At Lampedusa, when I went there the first time, this word came to my mind: the globalization of indifference.  Maybe today, we here in Rome we are worried because the shops are closed, we have to go and buy something, it seems that we can't take our daily walks ... we are always concerned with our own preoccupations.  And we forget the hungry children, we forget the poor people who, even to the ends of the earth are searching for freedom: these immigrants who have been forced to flee from hunger and from war, and who only find death, death that does not let them go by.  We know that these things exist but they remain in our minds and don't descend to our hearts.  We live in indifference, the indifference of being well informed but incapable of feeling the realities that others are experiencing.  This is the abyss, the abyss of indifference.

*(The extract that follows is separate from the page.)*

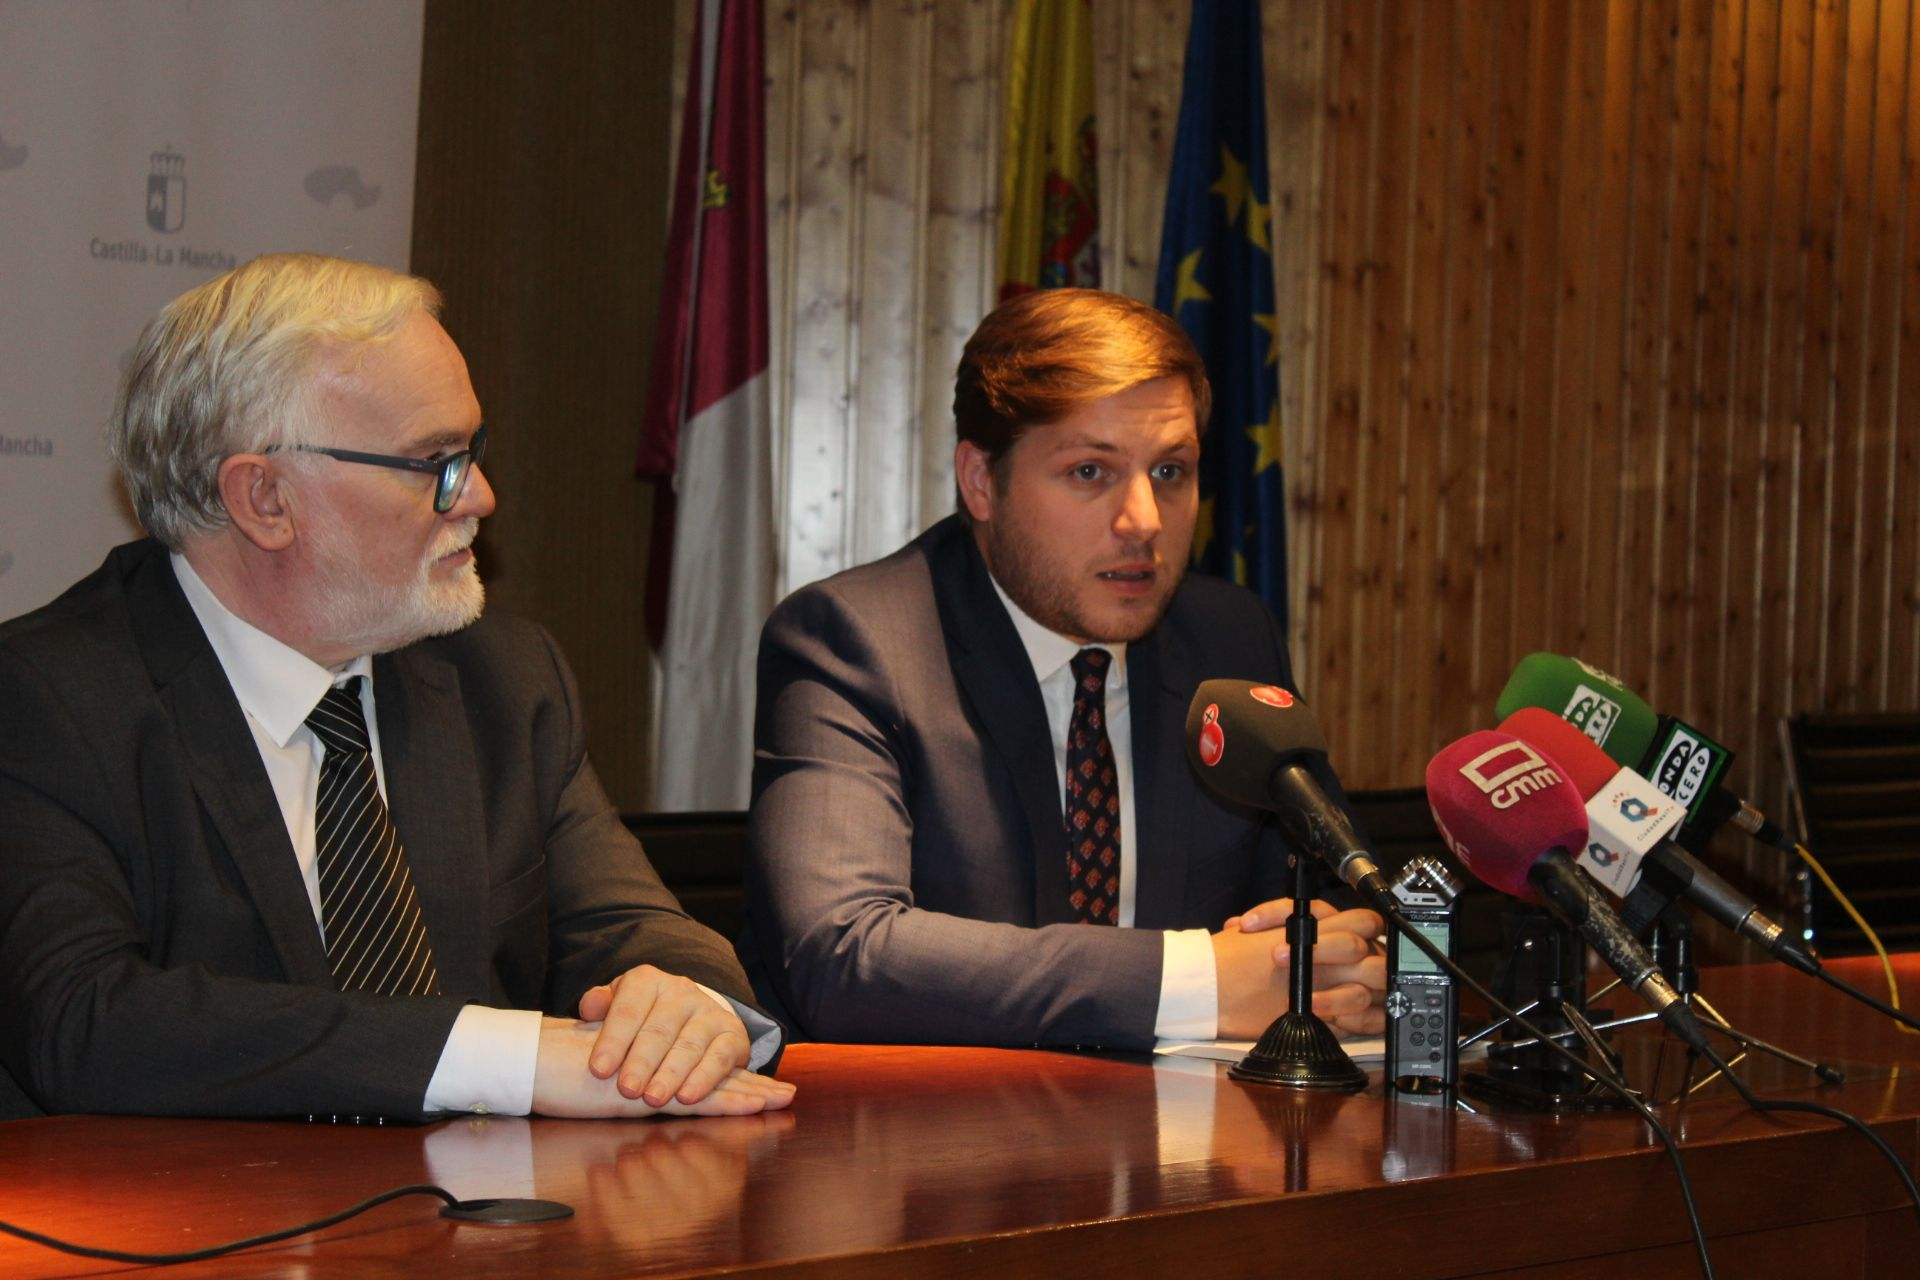 La Comisión Provincial de Ordenación del Territorio y Urbanismo de Ciudad Real aprueba diversos proyectos de energía verde y empresariales

And there is something else that we should note.  We know the name of the poor man - Lazarus - even the rich man knew his name, for when he was in hell, he called to Abraham and asked him to send Lazarus.  He recognized Lazarus and asked for him to be sent ... but we do not know the name of the rich man.  The gospel does not tell us the name of that man.  He had no name.   He had lost his name.  There were only some adjectives to describe his life.  He was rich, he was powerful ... there are many adjectives.  This tendency creates egoism even in us, when we lose our true identity and our names, when we can only value adjectives ... and worldliness helps this reality to come true.  We have fallen into a culture of adjectives, where your value is defined by what you have, what you can do ... but not by What is your name!  You have lost your name.  Indifference leads to this: to the loss of our names.  We are only the rich ones, we are these ones and those ones, we are a group of adjectives.

Today, let us ask the Lord to grant us the grace not to fall into indifference.  Let us ask for the grace we need so that all the information we receive about the sufferings of others might descend into our hearts and inspire us to do something for others.